Like all citrus fruits, limes give vitamin C as well as vitamin A and a host of valuable minerals. But the world loves the lime chiefly for its flavor, so delicately refreshing. Use the lime any way you would be using the lemon, but remember that it's more gentle in its sourness and requires less sugar. Traditionally, limes are the summer's number one cooler. Iced tea takes to lime, tomato juice, too. Save on butter by serving wedges of the lime with asparagus, with green beans, with beets—a drizzle of the juice is all the dressing required. Drip lime juice over melon, avocado, or stewed fruit, and you have an Arabian Night's miracle to dip up with a spoon. Use a slice of the lime to top a clear soup, jellied or hot. Lime enlivens fish. We use the fresh juice in a milk sherbet—a poem served with crushed and sweetened red raspberries.

The Danes' old-fashioned egg salad is a sandwich spread superior. Chopped hard-cooked eggs—that's all it is, sprinkled thick with chives, then blended in a slow-moving mixer with a non-fattening dressing, all spanked up with Worcestershire. If you like, serve it as a salad on water cress or lettuce. Or heap a mound on a meat platter, and circle with paper-thin slices of salami. Hearty, filling fare, spread thick-between squares of dark bread. Cut buttered pumpernickel into narrow strips, and spread on the egg mixture to tag after cocktails. Thin slices of olive, those wearing little red tail lights, would add a bright trim. Old Denmark, 135 East 57th, has this savory mixture: one pint $1, and enough to spread a square yard of bread.

A treasure chest to order straight from the desert carries fresh dates from the palm and a varied assortment of date products, also fresh citrus.

See what you have—three pounds of golden dates, not the usual run, but hand-selected for best texture, finest flavor. Next item out, a two-and-one-quarter pound package of date honey butter, called “crème of the desert,” this to use as a spread on the hot breakfast toast; it's perfect, too, as a filling for cookies and cakes, or use it in pies, mix it into ice cream. A recipe book accompanies the kit giving 250 tested recipes for using dates in breads, cakes, pies, puddings, sauces. Pull out the cake. It's a one-pound date, honey, and walnut fruit loaf in a flat brown slab like an old time heavenly hash. It has a crunchy crust baked to a golden glow covering the rich interior—fresh dates mixed with chopped nuts. This makes a rich dessert if heated slightly and served with whipped cream or ice cream. Cut into tiny squares, it is good to eat as a confection.

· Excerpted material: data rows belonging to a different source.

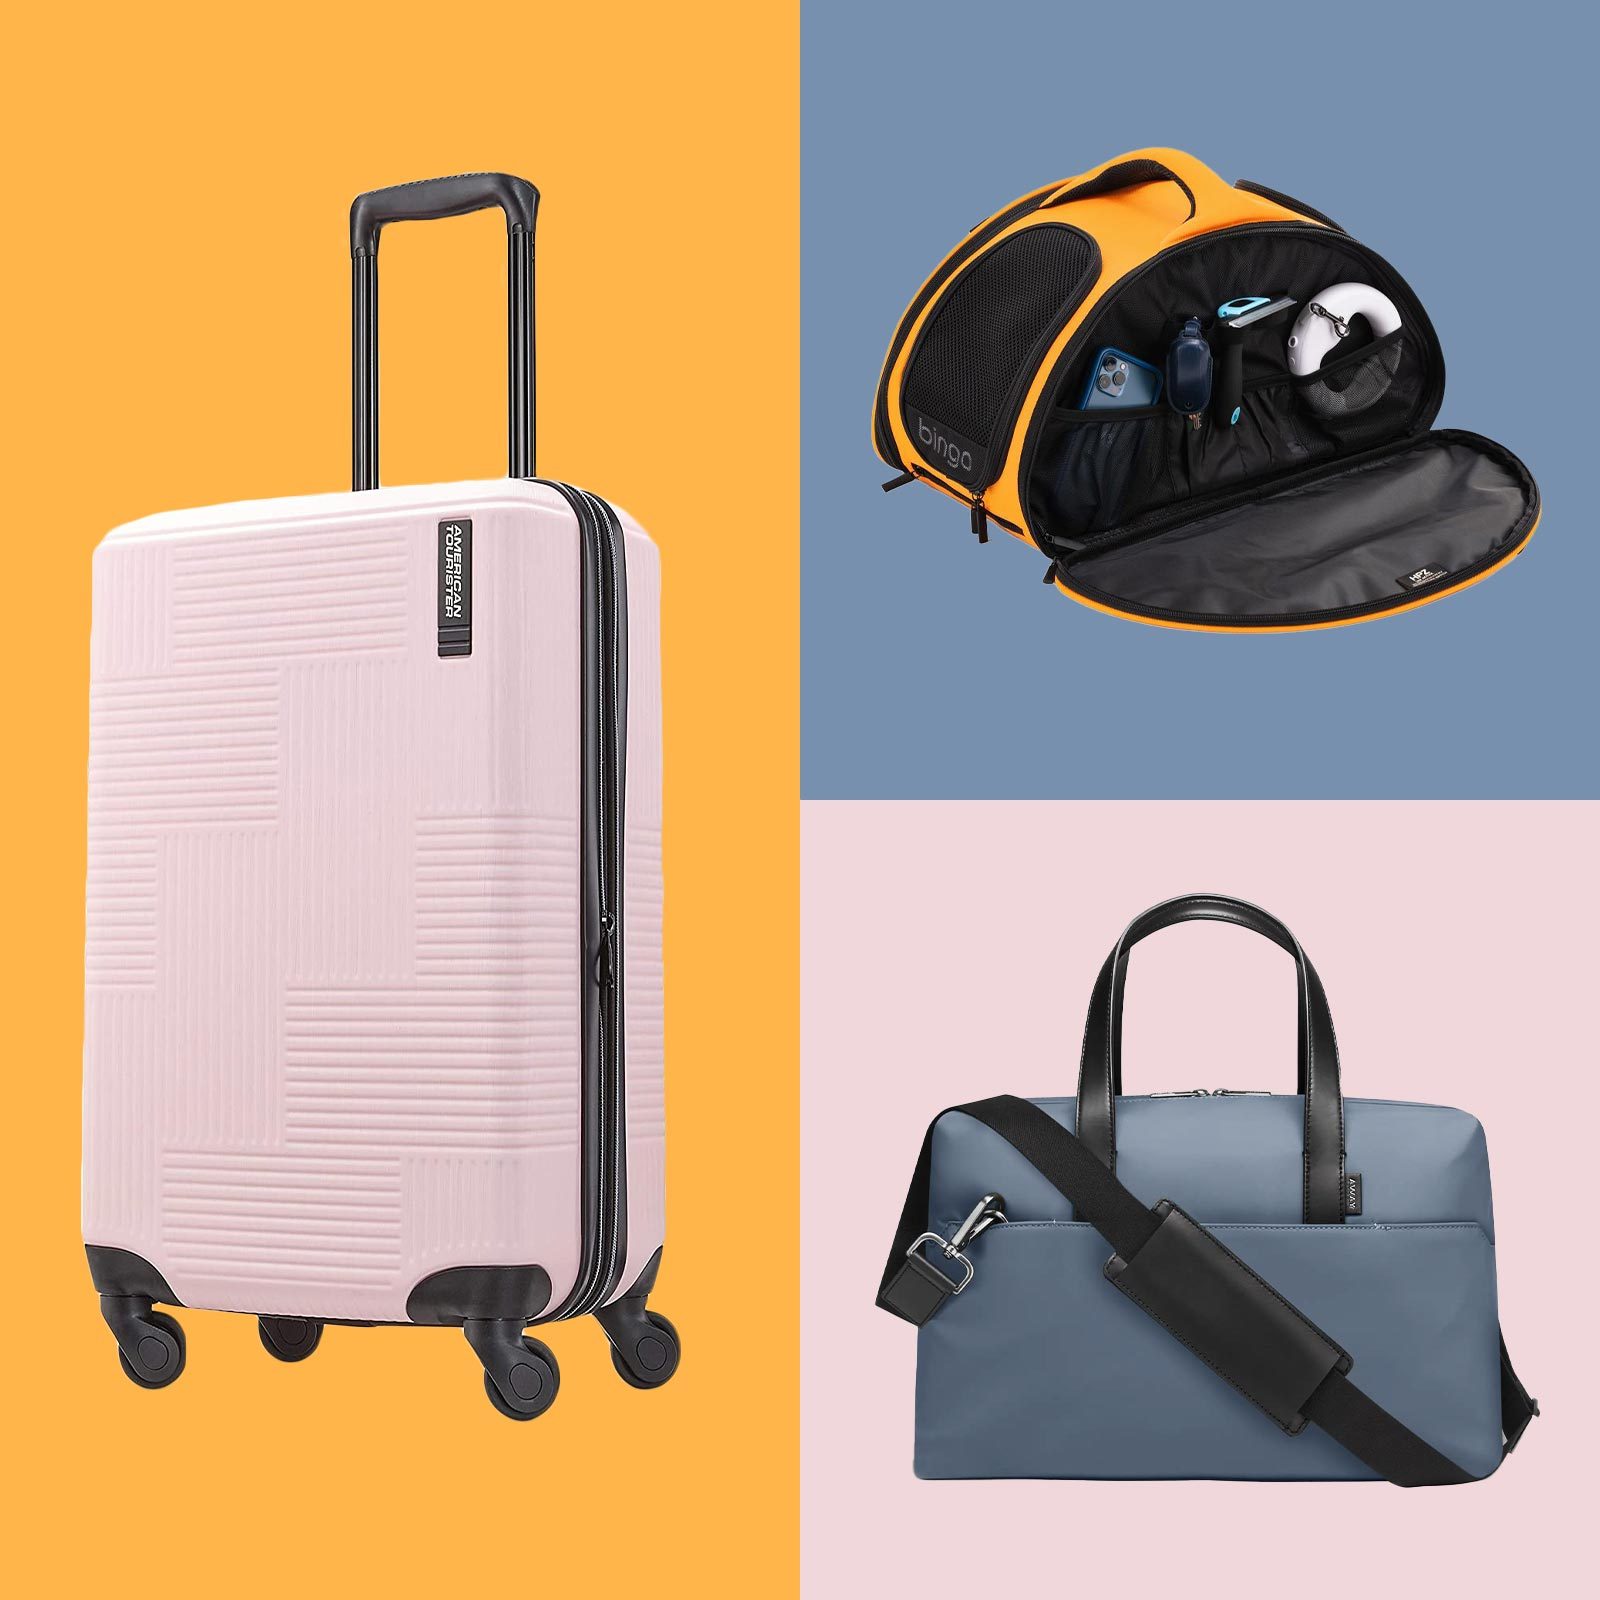 The best cabin bags and suitcases for your next trip
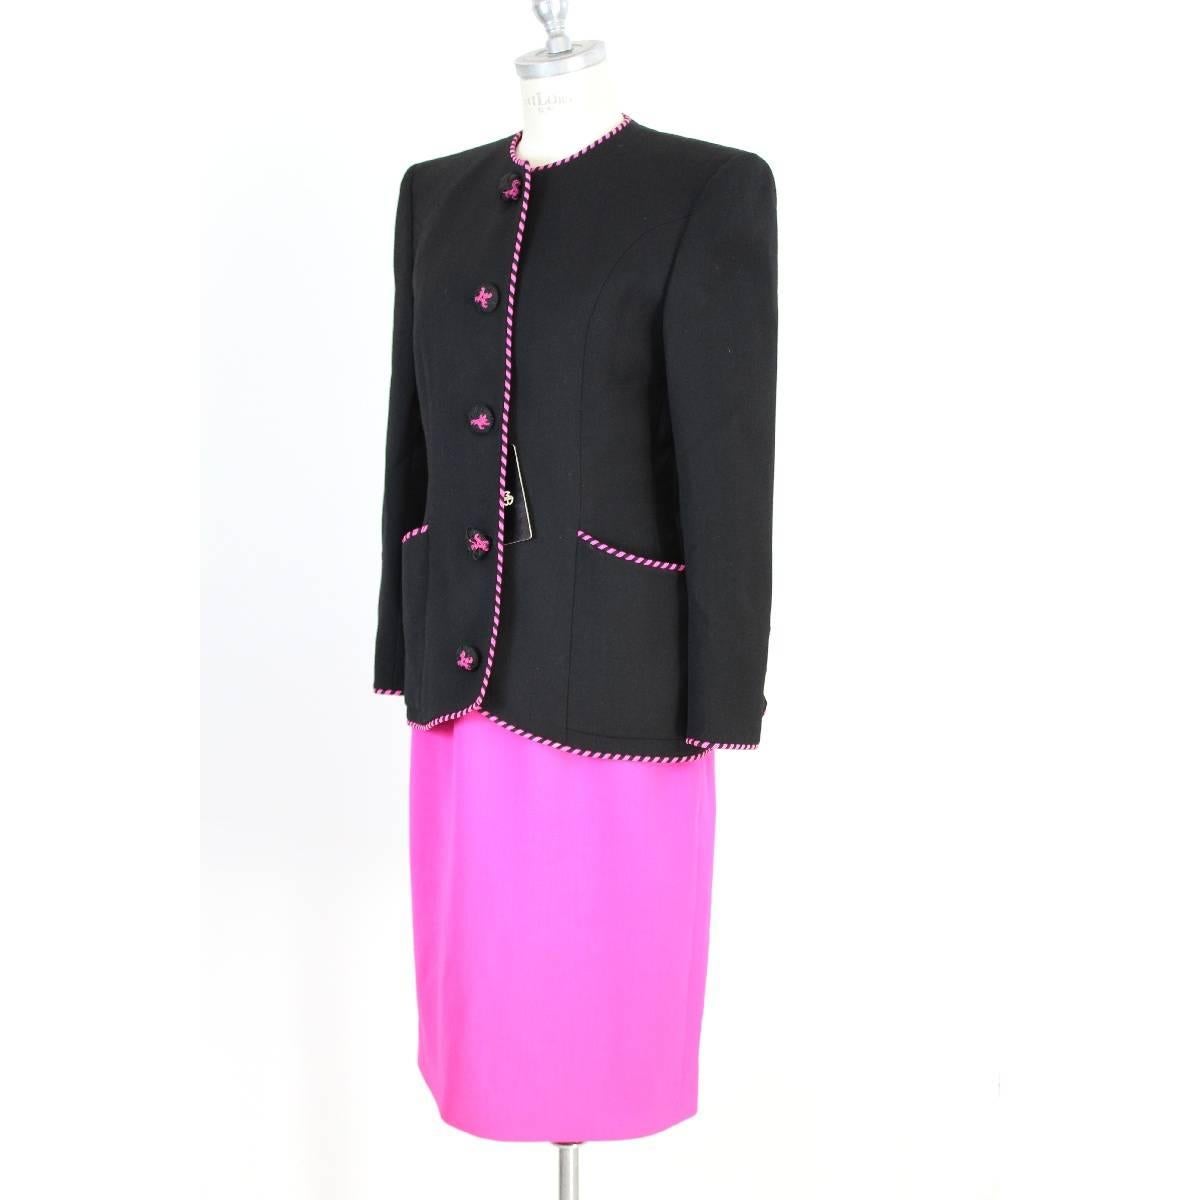 Mario Borsato vintage 1980s women’s skirt suit. Black jacket and purple skirt. Made in italy, size 42. Composition 100% wool. Lined 100% bemberg. New with label.

Size: 46 IT 12 US 14 UK

Shoulder: 46 cm
Bust / Chest: 50 cm
Sleeve: 62 cm
Length: 69

Still more surprises. Here is a pound box of stuffed dates, but in new form. Labor is scarce in the date packer's kitchens, and stuffing dates is a whale of a trouble. What the packer does is to turn the dates and the stuffing of nuts and honey into a mechanical mixer; then, well blended, the mass is pressed into inch-thick squares, cut into pieces, and sugar-rolled. The taste is exactly the same as stuffed dates—different in form, that's all. As if this wasn't a boxload, there's more—two pounds of freshly packed and gathered oranges and grapefruit—sweet, sweet, for these fruits are at their best now in the desert country. To order, ask for a “gift case;” wire money or mail check for $10.25 to Russell C. Nicoll, Valerie Jean Date Shop, Thermal, California.

“Constant Comment” is a blend of the Old South being introduced to Manhattan's tea tipplers by Ruth Campbell Bigelow and Mrs. Bertha West Nealey. These women, deploring the decline of the tea table in favor of the cocktail, hope to return the tea hour to its rightful importance by presenting a family of glamorized blends which promise to make tea truly “the sovereign drink of pleasure.” “Constant Comment” is a Ceylon tea, the best that can be purchased in the present wartime market, and is blended with processed orange and numerous spices.

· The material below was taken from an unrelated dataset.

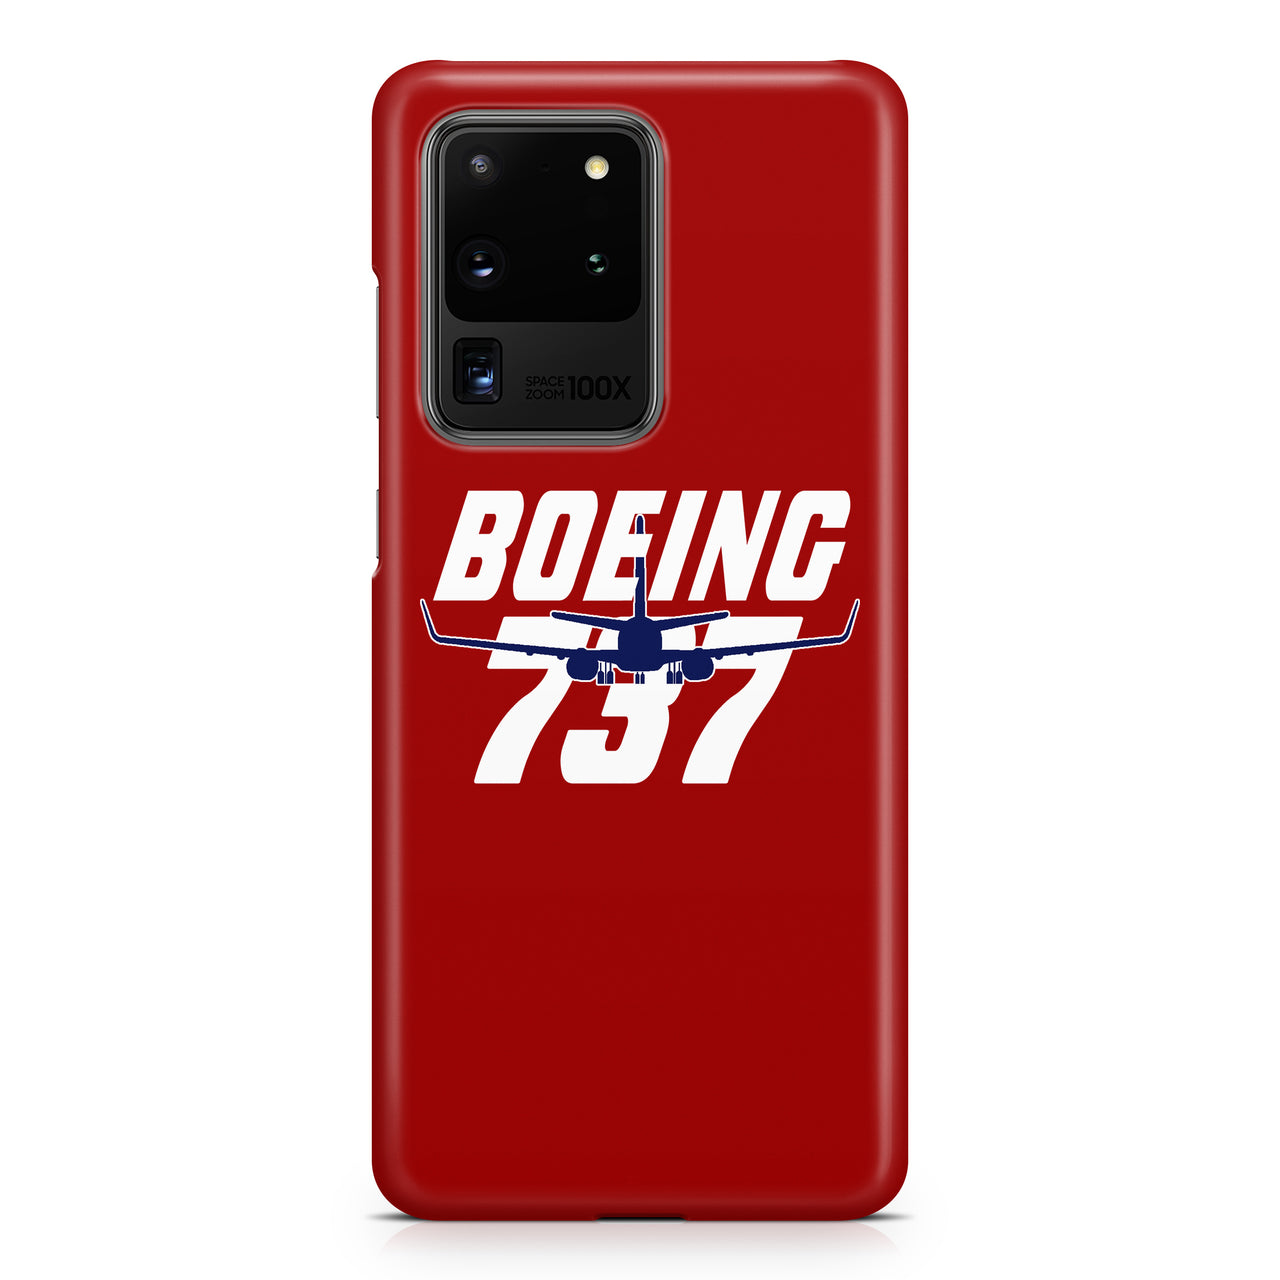 Amazing Boeing 737 Samsung A Cases

The formula comes from Mrs. Nealey's grandmother, Mary Anne Armstrong, who prepared this tea all the years of her life for her plantation table at Lynch River, S. C. She had the recipe from her mother, and on back to the days of the Jamestown settlers. Six months went into perfecting the blend. Previously, Mrs. Nealey had made the tea in small lots only for the family. When the tea is made in quantity for long-time keeping, the orange requires special processing, so as not to lose the balance of fragrance with the spice.